Le malus auto et la taxe sur les véhicules de société sont étendus à compter du 1er juillet 2019 aux pick-up qui n'ont pas un objet utilitaire. C'est-à-dire ceux comprenant au moins cinq places assises.

Réduction d'impôt pour mise à disposition d'une flotte de vélos (art. 145)

La réduction d'impôt sur les sociétés pour mise à disposition d'une flotte de vélos est étendue aux dépenses de location d'une telle flotte, à condition pour les entreprises de souscrire un contrat de location d'une durée minimale de trois ans.

Modification du crédit d'impôt pour la transition énergétique (art. 182)

Le crédit d'impôt pour la transition énergétique (CITE) est prorogé pour un an. Après moult tergiversations, l'article rend de nouveau éligible au crédit d'impôt les dépenses d'acquisition des fenêtres venant remplacer des parois à simple vitrage, dans la limite d'un plafond de 100 euros par fenêtre, qui sera fixé par arrêté interministériel. Le CITE est ouvert au remplacement d'une chaudière au fioul par une chaudière fonctionnant à l'aide d'énergies renouvelables (EnR). L'éligibilité est toutefois conditionnée au respect de plafonds de ressources qui seront alignés par décret sur ceux applicables aux aides de l'Agence nationale de l'habitat (Anah). L'application du CITE aux dépenses d'acquisition de chaudières fonctionnant au gaz est soumise à des conditions renforcées de performance énergétique et à un plafond de dépense. Ce plafond, qui devrait être compris entre 1.000 et 1.200 euros, sera fixé par arrêté interministériel. Le gouvernement devra par ailleurs remettre avant le 1er septembre 2019 un rapport au Parlement sur la transformation du CITE en prime.

Modification de l'éco-PTZ (art. 184)

Cet article vise à simplifier et à proroger jusqu'en 2021 le dispositif de l'éco-prêt à taux zéro (Eco-PTZ) destiné à financer des travaux de performance énergétique.

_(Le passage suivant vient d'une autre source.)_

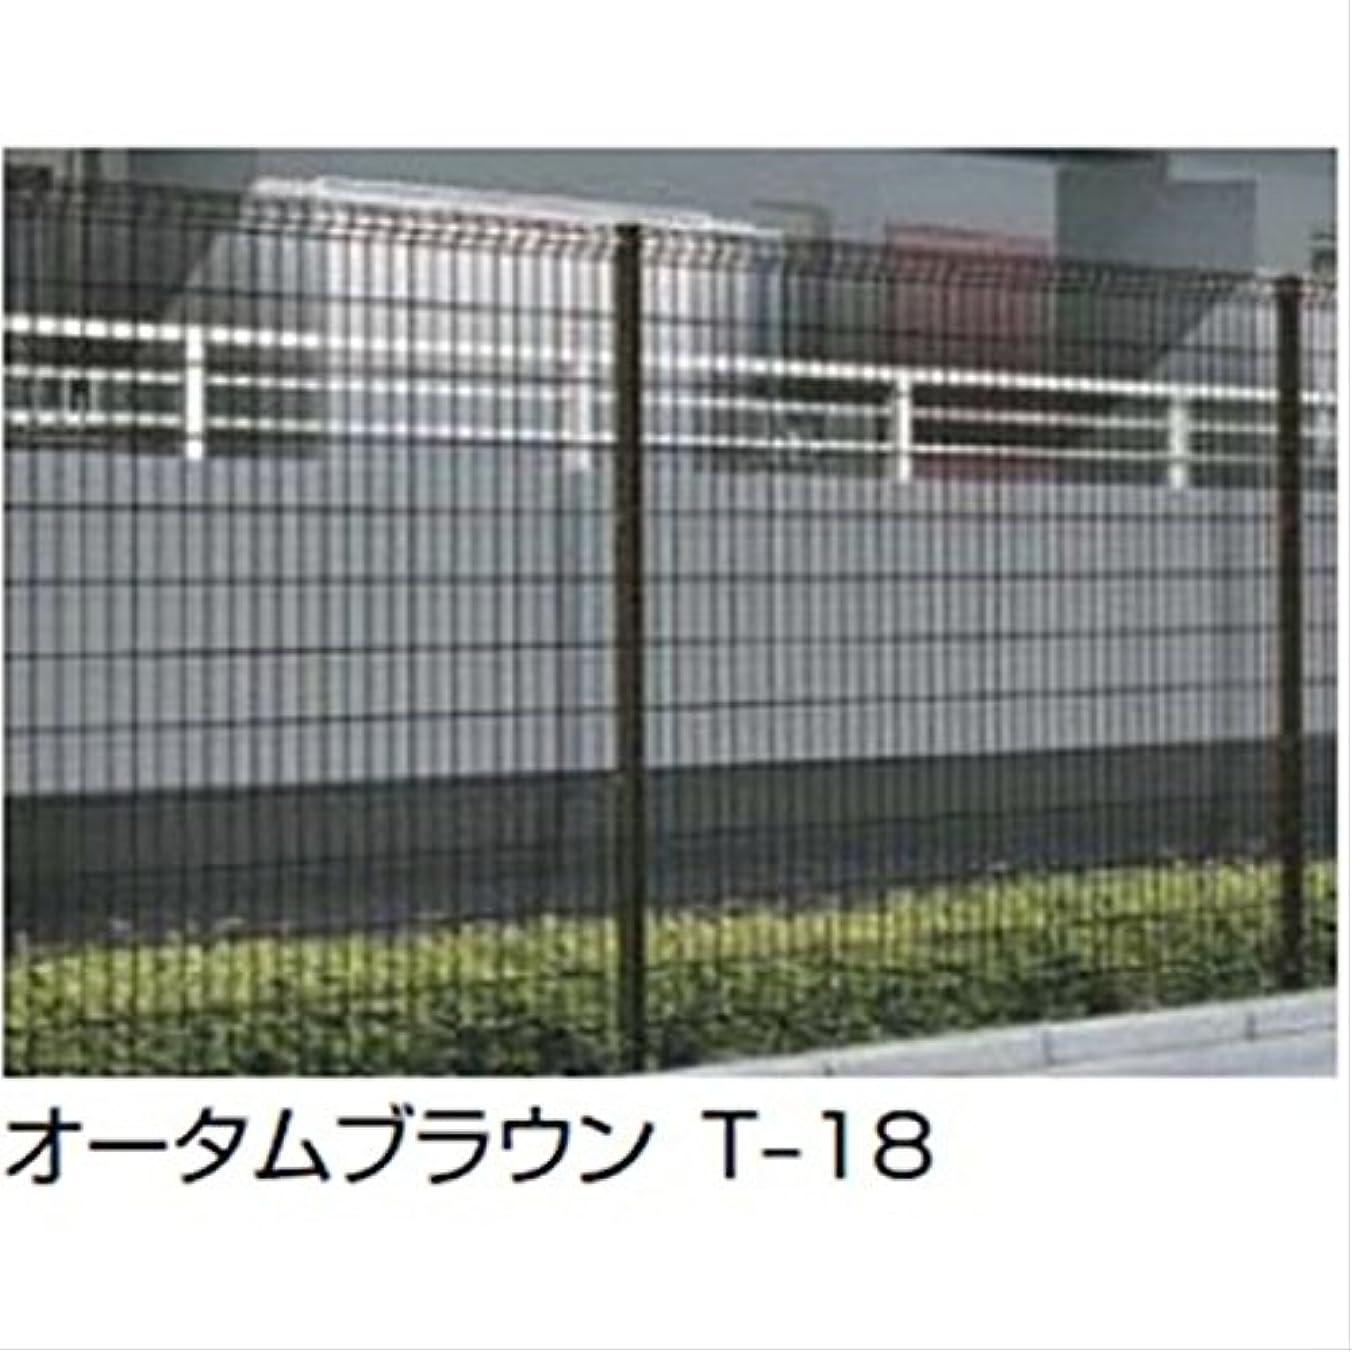 LIXIL TOEX ハイグリッドフェンスN8型 本体 T-15  【リクシル】 【スチールフェンス 柵】  ブラック

Les dispositions votées suppriment la condition de bouquet de travaux. Le texte inclut par ailleurs les travaux d'isolation des planchers bas dans la liste des travaux éligibles. Il ouvre l'éco-PTZ aux logements achevés depuis plus de deux ans. Le PLF prévoit également d'uniformiser la durée d'emprunt à quinze ans indépendamment du nombre d'actions financées mais aussi d'"étendre le cumul entre un premier éco-PTZ et un éco-PTZ complémentaire dans un délai porté à cinq ans". Certaines dispositions portent par ailleurs sur l'éco-PTZ s'adressant aux copropriétaires. Le projet prévoit de supprimer la disposition imposant que 75% des quote-parts de copropriétés soient comprises dans des lots affectés à l'usage d'habitation. Il prévoit également d'autoriser le cumul entre un premier prêt attribué à un syndicat de copropriétaires et un éco-PTZ complémentaire attribué soit à ce même syndicat, soit à un copropriétaire. Certaines de ces dispositions s'appliquent au 1er mars 2019, d'autres au 1er juillet 2019.

Réduction du taux de TVA sur certaines prestations de gestion des déchets (art. 190)

Cet article baisse de 10 à 5,5% à compter du 1er janvier 2021 le taux de TVA applicable à certaines opérations de traitement et de valorisation des déchets : collecte séparée, collecte en déchetterie, tri et valorisation matière des déchets ménagers et déchets assimilés, ainsi que les prestations de service concourant au bon déroulement de ces opérations.

Transformation de la taxe de balayage en redevance (art. 191)

Cet article transforme la taxe de balayage, que les communes et intercommunalités peuvent instituer, en redevance. Il en améliore la gestion en fusionnant dans les documents budgétaires son produit avec celui de la taxe d'enlèvement des ordures ménagères, de même que les dépenses, directes et indirectes, financées par ces deux taxes.

Taxe incitative à l'incorporation de biocarburants (art. 192)

Cet article réforme la composante de la taxe générale sur les activités polluantes (TGAP) visant à encourager le recours aux agrocarburants et la rebaptise "taxe incitative à l'incorporation de biocarburants". Il renforce pour 2019 et 2020 les objectifs d'incorporation d'énergie renouvelable à atteindre par les professionnels. La mesure votée vise également à améliorer l'articulation entre la taxe incitative et la taxe intérieure de consommation sur les produits énergétiques (TICPE). Elle met par ailleurs fin au traitement différencié des matières premières selon la catégorie de carburants à laquelle ils sont incorporés.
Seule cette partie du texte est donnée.